Pemberlakuan BBM Euro 4 Diminta Tidak Perlu Tergesa-gesa

JAKARTA - Rencana Pemerintah memberlakukan penggunaan BBM berstandar Euro 4 pada triwulan ketiga tahun 2028 sebaiknya dilakukan secara bertahap dengan memperhatikan daya beli masyarakat dan kemampuan keuangan negara.

Anggota Komisi VII DPR RI, Mulyanto mengatakan, pemerintah perlu menyusun aturan pendistribusian dan menyiapkan infrastruktur pendukung agar rencana tersebut dapat berjalan secara adil sehingga tidak memberatkan masyarakat kurang mampu.

Ia juga meminta Pemerintah tidak perlu memaksakan diri menuntaskan aturan pelaksanaan kebijakan strategis itu harus selesai di Pemerintahan Presiden Joko Widodo.

Karena banyak hal yang perlu dipertimbangkan dalam pembuatan aturan BBM Euro 4 tersebut.

“Regulasi yang mendesak, yakni pembatasan distribusi BBM tepat sasaran yang berkeadilan saja masih adem-ayem.
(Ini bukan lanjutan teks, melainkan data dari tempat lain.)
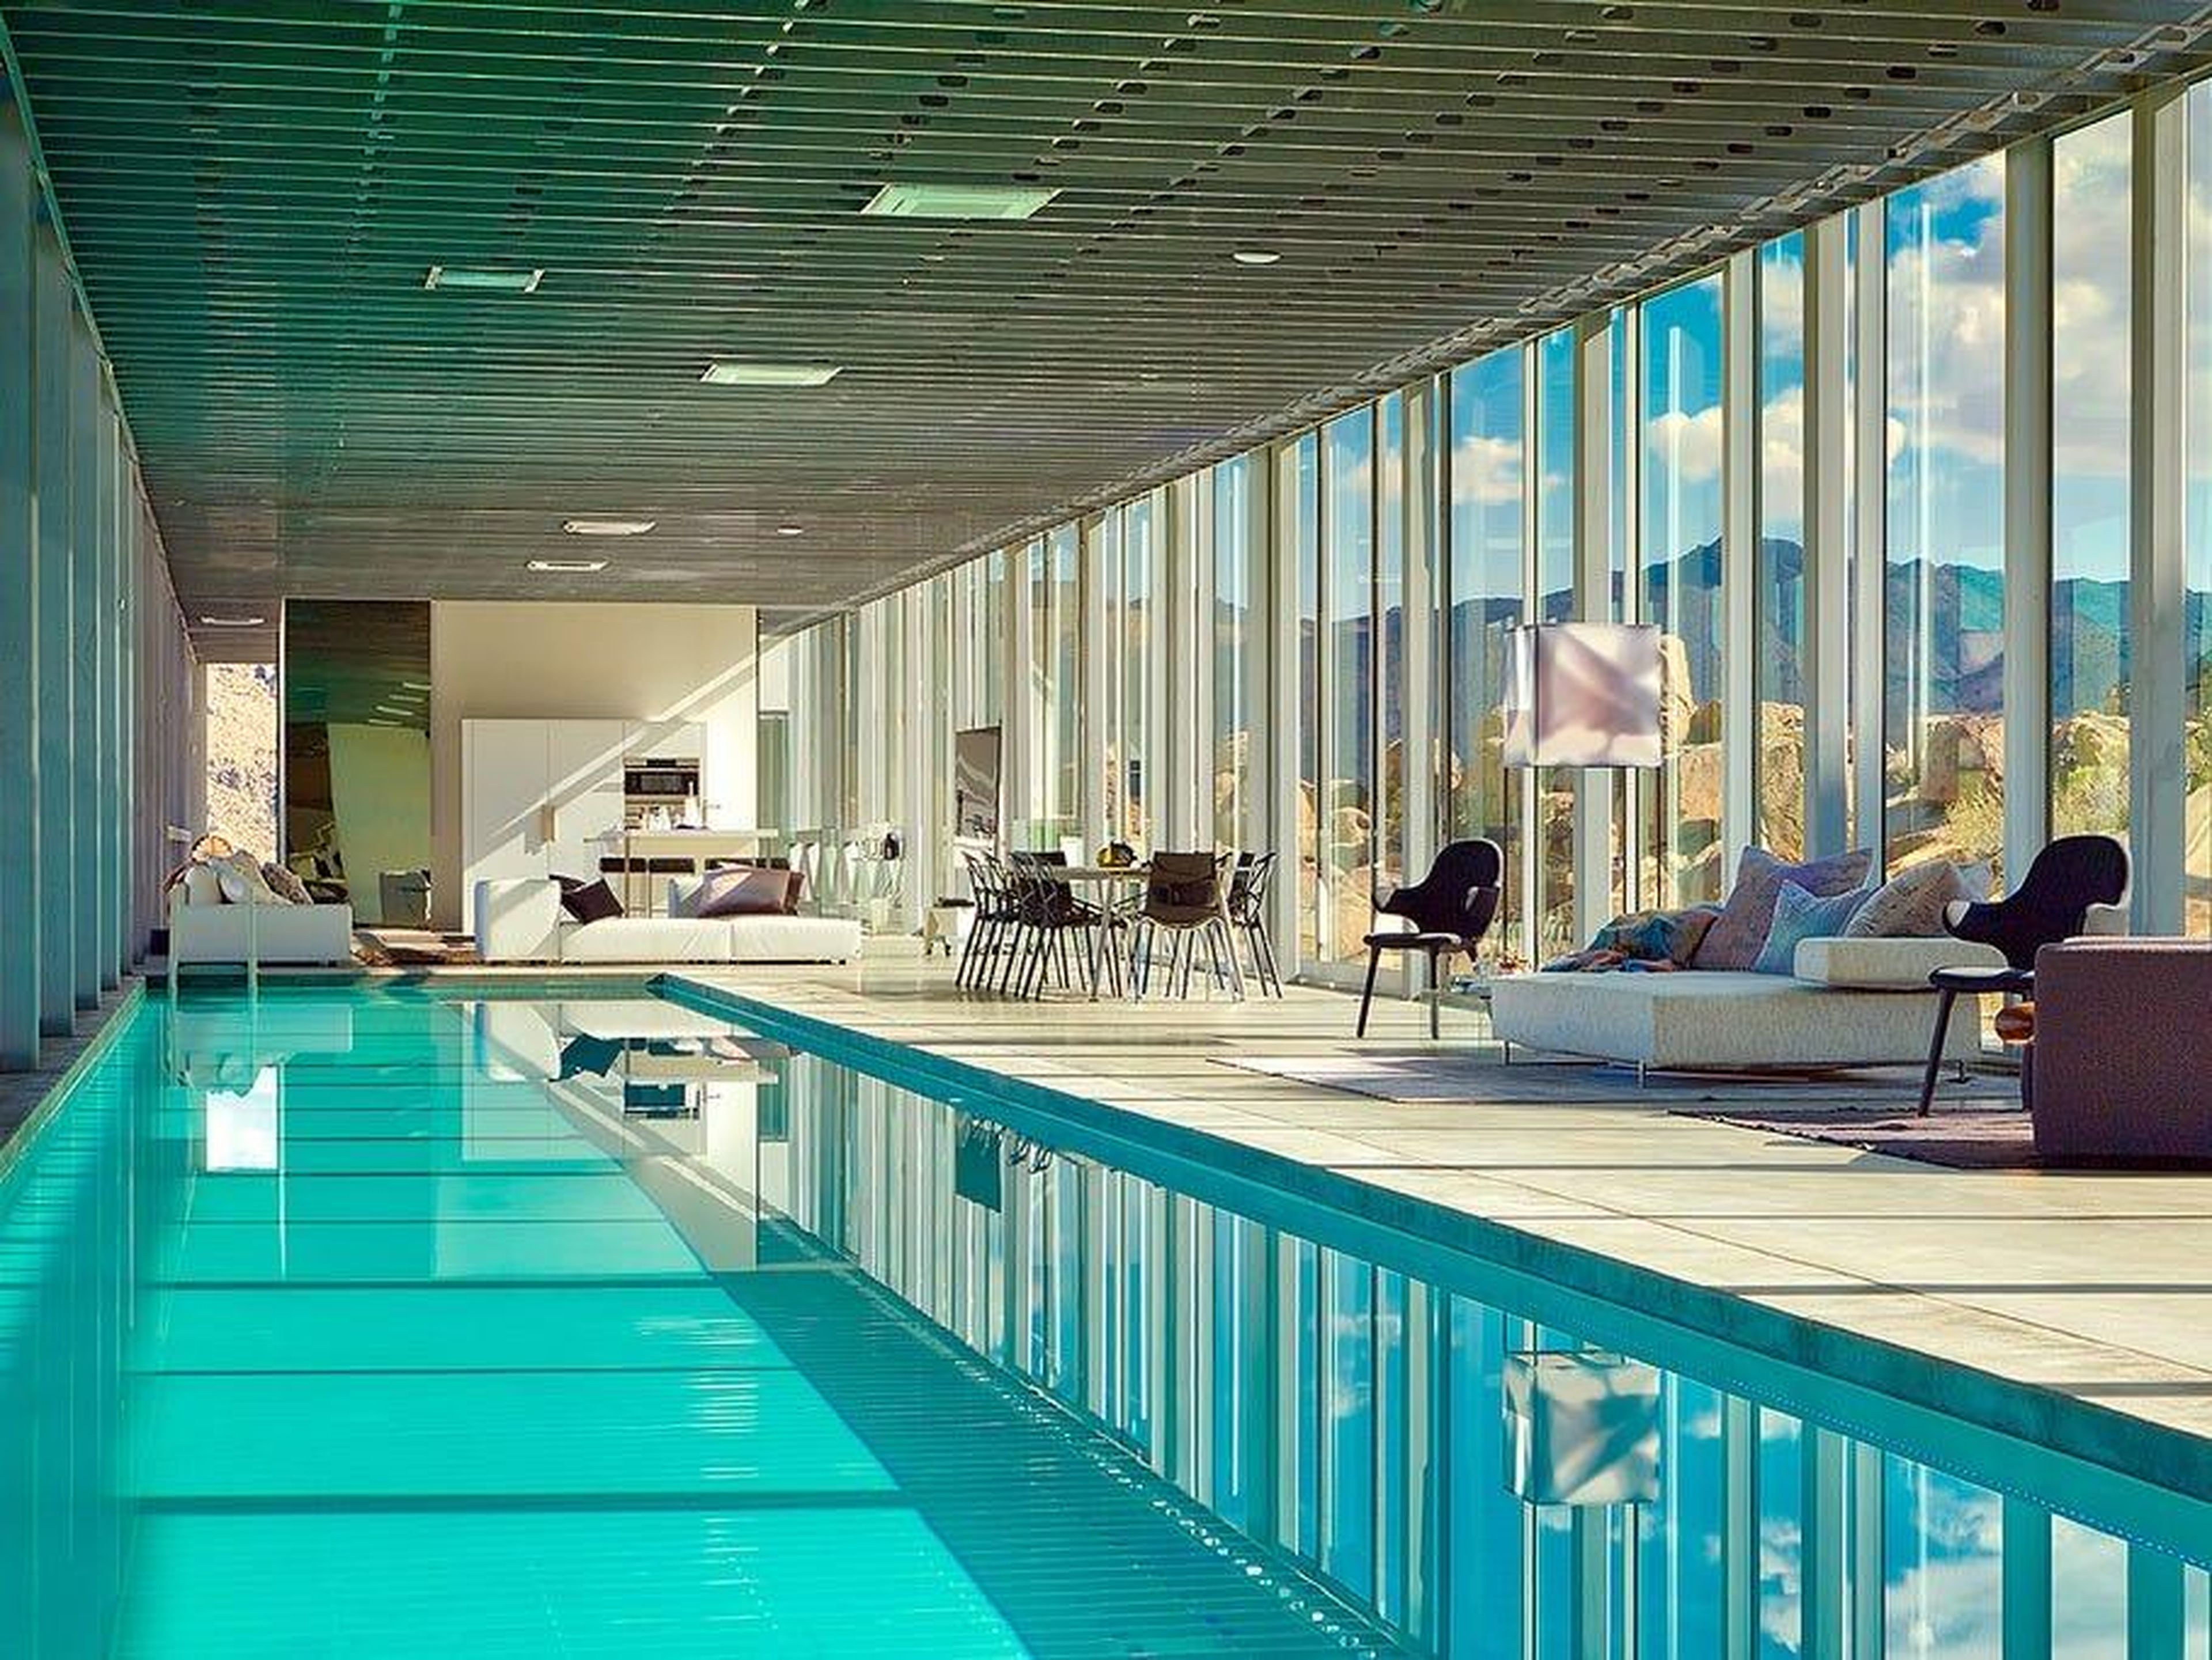 The central living space includes a 100-foot-long pool and mix of seating areas.

Kenapa harus menggesa regulasi Euro 4?" ujar Mulyanto, Rabu, 14 Agustus.

Mulyanto menbahkan, untuk penggunaan Euro 4 sebagai BBM bersubsidi maka harus dianalisis secara seksama terkait dengan daya beli masyarakat dan kemampuan ekonomi negara.

Apalagi saat ini APBN kita masih tertekan pembayaran bunga dan cicilan utang, pengeluaran wajib atau mandatory spending, program dadakan IKN.

"Ruang fiskal kita masih sangat terbatas di tengah defisit neraca perdagangan yang ada. Begitu pula daya beli masyarakat pascapandemi COVID-19, masih terasa lemah,” terang Mulyanto.

Ia menilai, tujuan program ini dalam jangka panjang cukup baik. Karenanya, pelaksanaannya harus dipikirkan secara matang, agar mendapat respons positif dari masyarakat. Bukan malah memunculkan keresahan baru di masyarakat.

“Semakin tinggi standar Euro, maka semakin eco-friendly. Namun semakin ramah lingkungan, maka akan semakin mahal. Kalau masyarakat ditanya mau pilih mana, BBM bersih atau BBM murah? Maka jawabnya sangat tergantung pada kelas ekonomi. Kalau kelas menengah ke atas dengan pendapatan, pengetahuan lingkungan, dan pemilikan kendaraan yang bagus, dapat dipahami mudah menerima standar Euro yang tinggi. Tapi bagi masyarakat kecil, umumnya tidak memikirkan kualitas BBM yang digunakan. Mereka lebih mempertimbangkan harga yang terjangkau,” urai Mulyanto.

Mulyanto minta Pemerintah bersikap adil dalam penyusunan peraturan penggunaan bensin ramah lingkungan ini. Agar pendistibusian benar-benar tepat sasaran.

“Hari ini saja, kita masih menemukan fakta, bahwa kelas menengah dengan kendaraan mewah, masih menggunakan BBM bersubsidi. Jadi secara voluntary biarlah produk seperti ini sementara digunakan oleh kelas menengah ke atas sebagai BBM nonsubsidi, agar tidak memberatkan rakyat dan menekan keuangan negara,” pungkas Mulyanto.